SECTION V. Division Executive Committee.

  1. The Division Executive Committee shall consist of the five elected officers (President, President-Elect, Vice President, Past President, and Secretary-Treasurer), the President of each Chapter within the Division, and the Student Representative.
  2. All members of the Executive Committee, with the exception of the Student Representative, share equal voting rights. The Student Representative is a non-voting position.
  3. Each member of the Executive Committee shall have one vote on Executive Committee decisions. The President may vote only in the event of a tie.
  4. The Executive Committee is authorized to act for the Division between meetings and transact necessary business.
  5. The Executive Committee may levy such special fees as may be necessary to meet any expenses of the Division.
  6. A quorum for an Executive Committee meeting shall consist of a majority of the elected officers and one-third of the Chapter Presidents. If unable to attend an Executive Committee meeting, a Chapter President may appoint any Chapter Past President or one of the current Chapter officers to represent the Chapter, with full voting rights. If such substitution is made, the Division Secretary-Treasurer or President shall be notified prior to the meeting.
  7. The Executive Committee meets in conjunction with the annual Division meeting and approximately midyear between annual meetings. Such meetings are open to Division members.

SECTION VI. Division Meetings and Voting.

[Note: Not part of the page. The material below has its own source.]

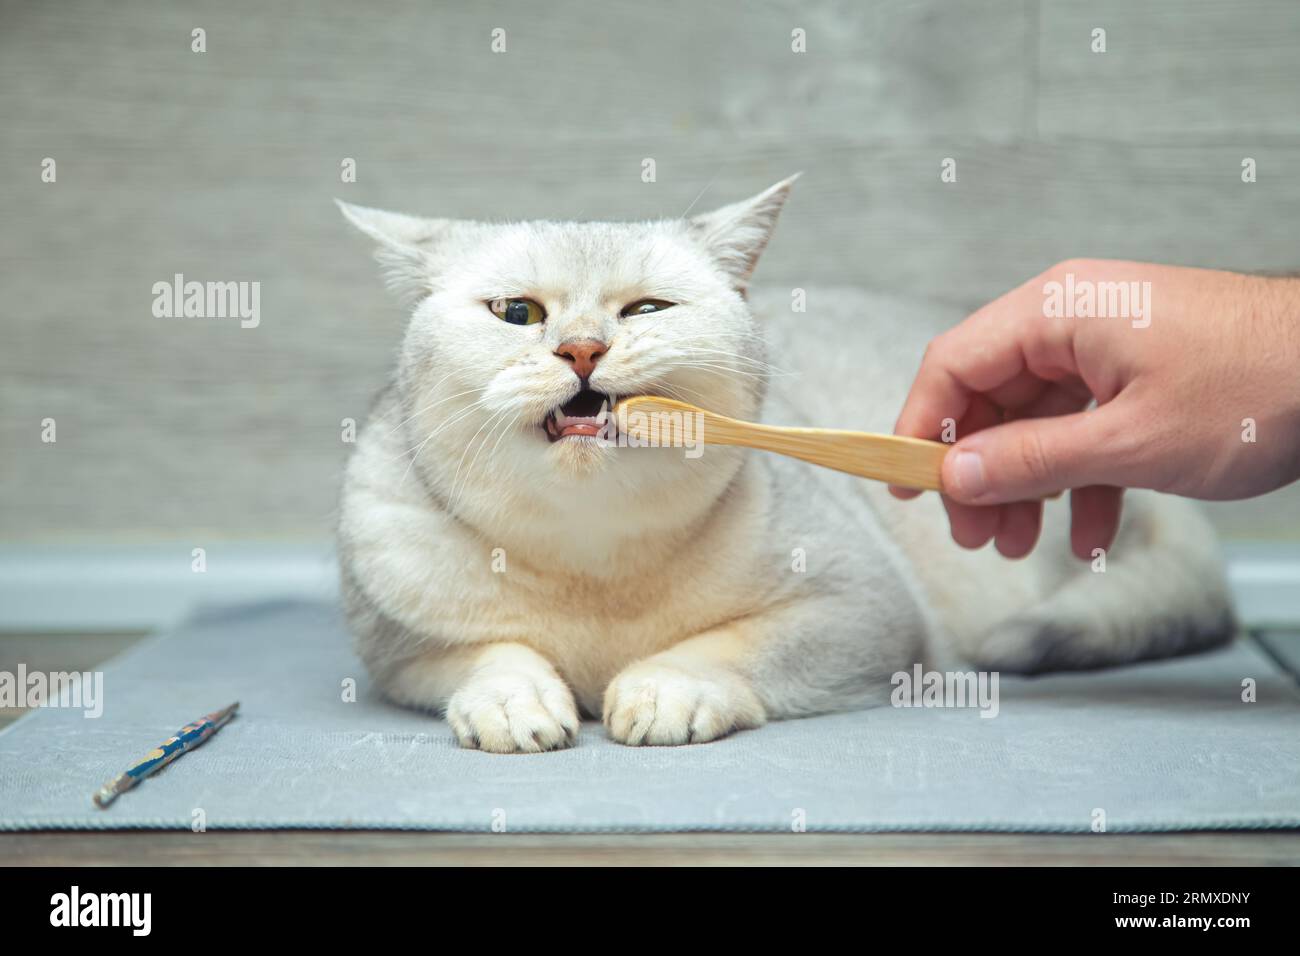 cat human teeth

  1. The Division shall meet at least once a year at a time and place decided at least two years in advance by the Executive Committee.
  2. Special meetings may be called by a two-thirds vote of the Executive Committee, or by the President with the approval of the Executive Committee.
  3. When mutually agreeable, the Division may meet jointly with other organizations or with other units of the Society in accordance with the Standing Rules.
  4. When authorized by the Executive Committee, meetings and voting may be conducted using electronic media.
  5. Decisions at a meeting of the Division shall be by a majority of those voting except in the case of amendments to the Bylaws (see Section VIII), suspension of the Standing Rules (which requires a two-thirds majority), or as otherwise specified in the latest edition of Robert’s Rules of Order.
  6. A quorum at the annual meeting of the Division for the transaction of official business shall be at least 20 members in good standing.
  7. Election of officers and the Student Representative shall be by mail ballot or electronic ballot/survey. Elections for officers shall be open to membership for 30 days and open to only student members for the Student Representative. Results shall be announced at the Division Annual business meeting.  The procedure for the conduct of the officer’s ballot shall be determined by the Executive Committee and executed by the Secretary-Treasurer. The procedure for the conduct of the Student Representative ballot shall be determined and executed by the Secretary-Treasurer.

SECTION VII. Division Standing Committees.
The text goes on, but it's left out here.